Shea & Gould
- Headquarters: New York City
- Major practice areas: "General Practice"
- Date founded: 1964
- Founder: Milton S. Gould, William Shea
- Company type: Limited liability partnership
- Dissolved: 1994

= Shea & Gould =

American law firm

Shea & Gould was one of New York's best-known law firms owned and operated by Milton S. Gould and William Shea. It was established as a result of a merger in 1964 between the firm Manning, Hollinger & Shea and Gallup, and the firm Climenko & Gould. Then in the 1970s the firm acquired several smaller niche practices in antitrust and other areas.
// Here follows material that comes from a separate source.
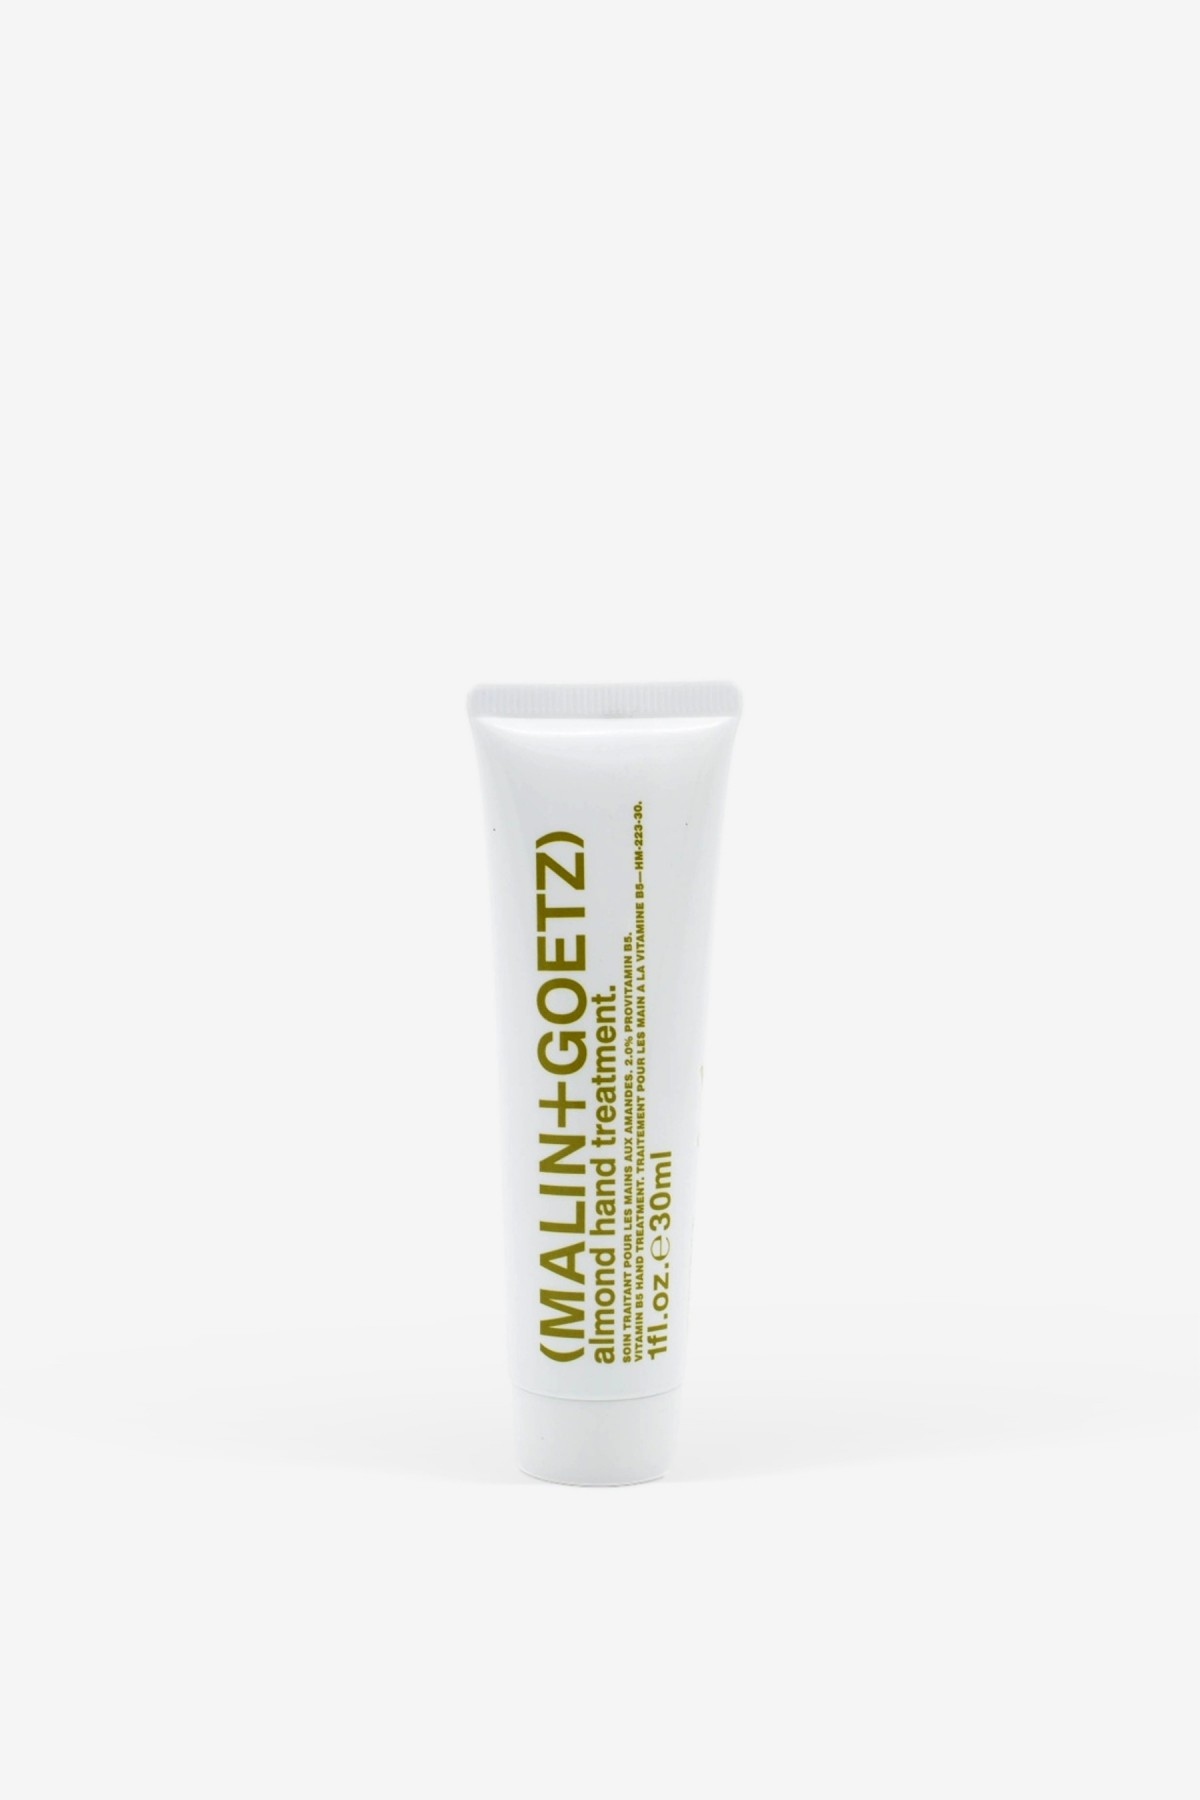 Malin+Goetz Almond Hand Treatment 30ml in

It dissolved in 1994.

==Offices==
The firm once employed about 200 lawyers with offices in Washington, Albany, New York, Los Angeles, California, and London. The Los Angeles office was opened with the 1985 acquisition of 70-lawyer firm, Pacht Ross Warne Bernhardt & Sears, but it closed in 1989 due to weak earnings. A number of Shea & Gould's Los Angeles lawyers left in 1989 to open the office of the now-defunct New York City law firm Myerson & Kuhn. An additional seven lawyers spun off from Shea & Gould in 1989 to found New York law firm Ingram Yuzek.

==Clients==
Among the clients Shea & Gould represented were the New York Mets, the New York Yankees, Deloitte & Touche and the Marine Midland Bank. Some of its personal clients were Aristotle Onassis, New York's Mayor Abraham Beame and Reverend Sun Myung Moon. The firm was well known for its New York government relations practice, especially with the city's Democratic administrations in New York City and Albany.

==Attorneys==
The firm's attorneys included the former Governor of New York, Hugh Carey, who joined as of counsel, Wilbur D. Mills, a former U.S. Representative from Arkansas, former professional basketball player and Rhodes Scholar Heyward Dotson, and Jerome H. Kern, a founder of the law firm Wachtell, Lipton, Rosen & Katz.

==Dissolution==
In 1991, Shea died and the firm elected a new chairman of the firm, Thomas E. Constance, and soon after added new members to the firm's executive committee. But the larger committee created tensions until they voted on January 27, 1994, to dissolve the firm by March 31 due to irreconcilable differences.